Curtis has since been released from custody, and J. Everett Dutschke, an insurance salesman/Mensa enthusiast/martial arts instructor, was arrested in his place. As the story developed, word got out that a feud between Curtis and Dutschke (also an accused child molester and failed GOP politician) was related to various rivalries including shared conspiracy theories regarding the sale of human organs. Like Curtis, Dutschke (pictured below) is also a musician.
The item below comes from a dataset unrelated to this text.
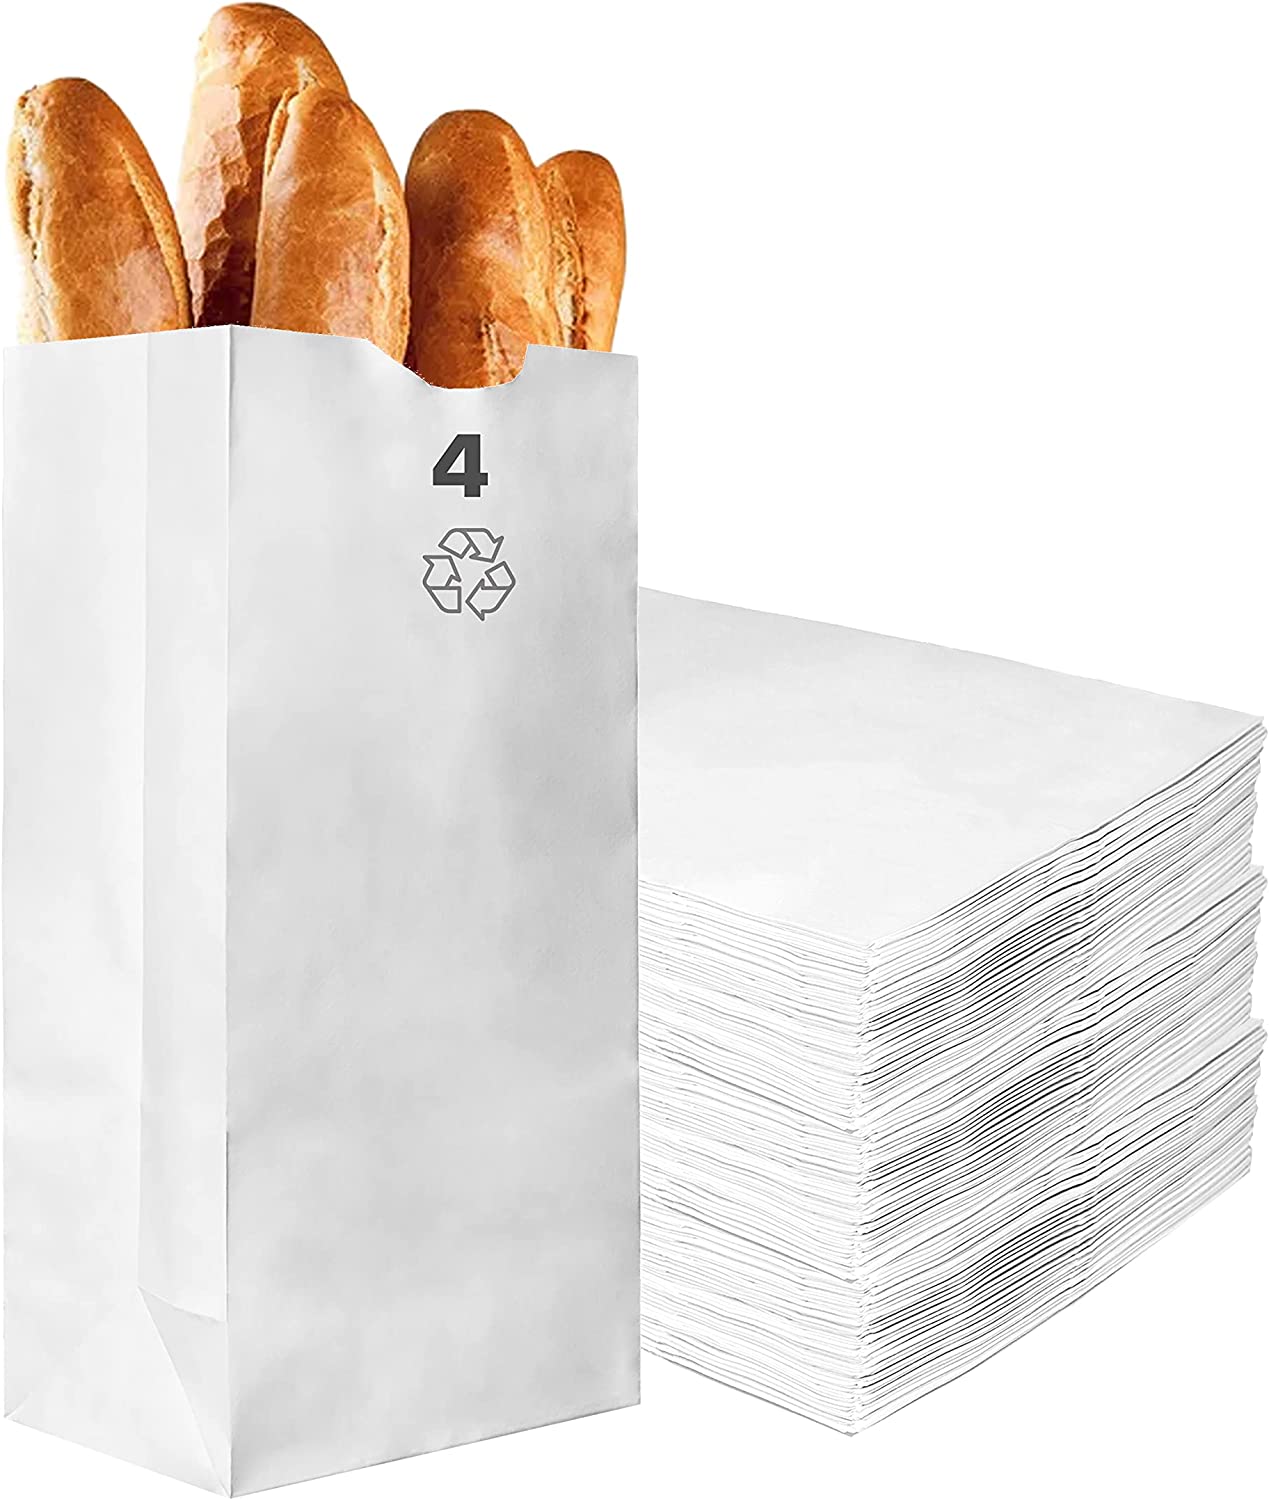 Paper Lunch Bags 4 LB White Paper Bags 4Lb Capacity - Kraft White Paper Bags,  Bakery Bags, Candy Bags, Lunch Bags, Grocery Bags, Craft Bags - #4 Medium Lunch  Paper Bags by

He plays guitar and sings in a band called Dusty and the Robodrum, who are variously described online as "America's favorite indie rock band" and "Tupelo's only national touring band with an active record deal."
To wrap things up in a nice, symmetrical metaphor, "Better Than Nothing At All," a Dutschke song about a poor slob who, as the title suggests, is somewhat better than no slob at all, includes the eyebrow-raising lyric: "Can't take you out in a little red Corvette, but you can ride in my Hyundai."
A recent Facebook post by News Channel 3 openly panders to "active pro-athlete" haters. The post reads, "Former Grizzlies player Jason Collins has come out as the first active pro athlete in the U.S. Does it matter to you? Will it affect his career negatively or positively?" Collins recently became the NBA's first openly gay player.